Slashdot Mirror


User: Rich0

Rich0's activity in the archive.

Stories
0
Comments
11,574
First seen
Last seen
Profile
(view on slashdot.org)

Comments · 11,574

  1. Re:First post on Snowden Granted 3 More Years of Russian Residency · · Score: 1

    So can we dispense with this "He cannot get a fair trial" garbage and say what you really mean "The law is bad"? They are separate issues.

    He can't get a fair trial BECAUSE the law is bad, and he almost certainly won't be tried before a jury of his peers.

    But, whatever. We're quibbling over definitions. Whether the US has bad courts or simply bad laws enforced by good courts makes little practical difference for anybody on US soil.

  2. Re:Interesting question. Trust Iran to arrest them on 40% Of People On Terror Watch List Have No Terrorist Ties · · Score: 1

    My point wasn't that checking passenger lists for known terrorists isn't a good idea.

    My point was that simply excluding people from flying and not doing more doesn't make sense. You don't need a special no-fly list for Richard Reid. You need a known fugitive terrorists list that is an arrest-on-sight list for him, and of course that also includes not letting him board a plane, bus, train, boat, etc.

  3. Re: Great step! on Google Will Give a Search Edge To Websites That Use Encryption · · Score: 1

    And if it is important you should probably pay for a cert anyway, or at least pay the 25$ for a revocation.

    Meh, the non-free certificates are hardly more secure. There are hundreds of trusted CAs out there all over the world, and any one of them can subvert SSL for any domain out there. The SSL Certificate racket is just that. We should be using DNSSEC and embedding certificates in our DNS records. Sure, that still lets your upstream DNS providers exploit you, but for the typical foo.com that is one or two entities that can mess you up, and not hundreds, and you get to pick most of them by picking a different TLD.

  4. Re:Translated into English on Floridian (and Southern) Governmental Regulations Are Unfriendly To Solar Power · · Score: 1

    I'm sure in 2013 earthquakes in California weren't all that much worse than they were in Florida. Certainly there were no major headliners.

    However, it would be foolish to use the same building codes in both states.

    Hurricanes and Earthquakes are both chaotic events. You can practically guarantee that they will happen on a long timescale, but you can never predict when they will happen a year out.

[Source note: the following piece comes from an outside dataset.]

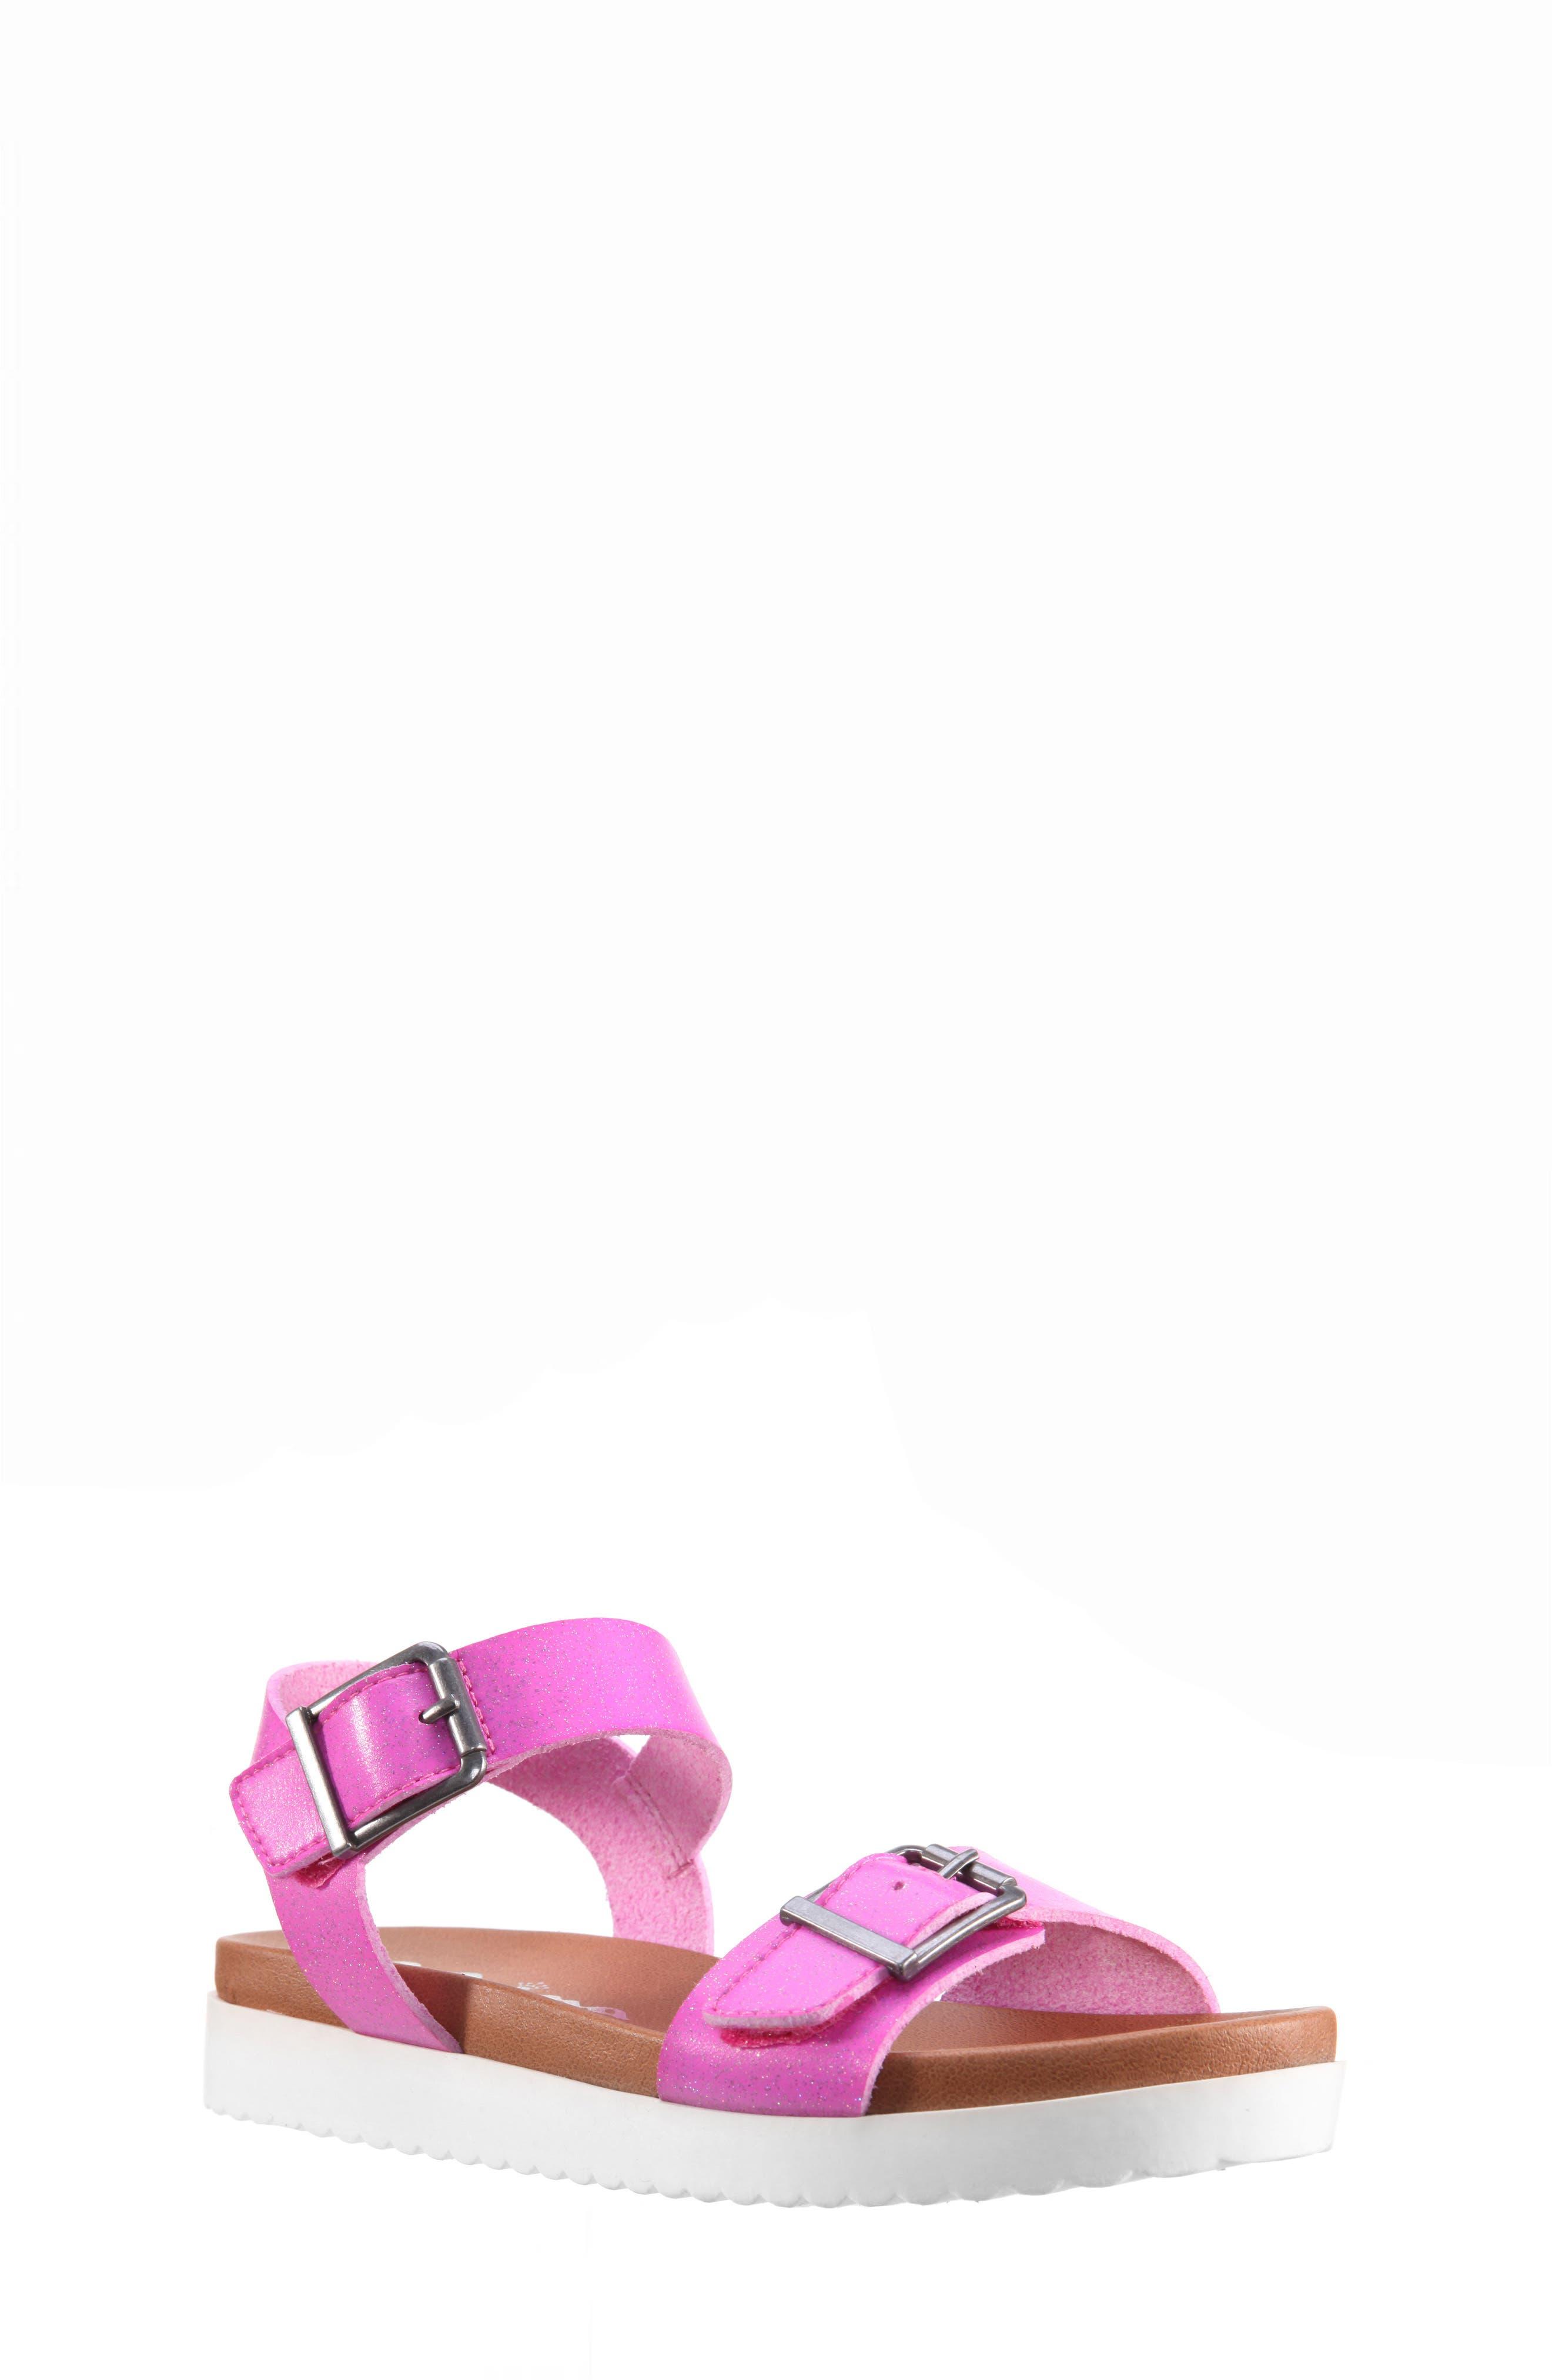 Jacklin3 Quarter Strap Sandal,                         Main,                         color, Pink Dip Dye

  5. Re:Except that's not the case at all on Floridian (and Southern) Governmental Regulations Are Unfriendly To Solar Power · · Score: 1

    And it makes the provider a public utility--they build plants and sell electricity to customers--and therefore are unhappy to find themselves categorized and regulated as such under the laws governing public utilities.

    It does not make sense to regulate them in the same way.

    The local electric utility needs to run wires all over the town. If a wire falls on my property, they need to come in and fix it in order to get things running for the whole town. It wouldn't make sense if they had to beg permission to fix wires from every landowner in the city, and if one is on vacation they just have to leave the city in a blackout for a few days until they get back. It doesn't make sense for landowners to be able to charge utilities to run wires either.

    So, we give electric utilities powers that we do not ordinarily grant to businesses. On the other hand, we regulate them to keep them in check.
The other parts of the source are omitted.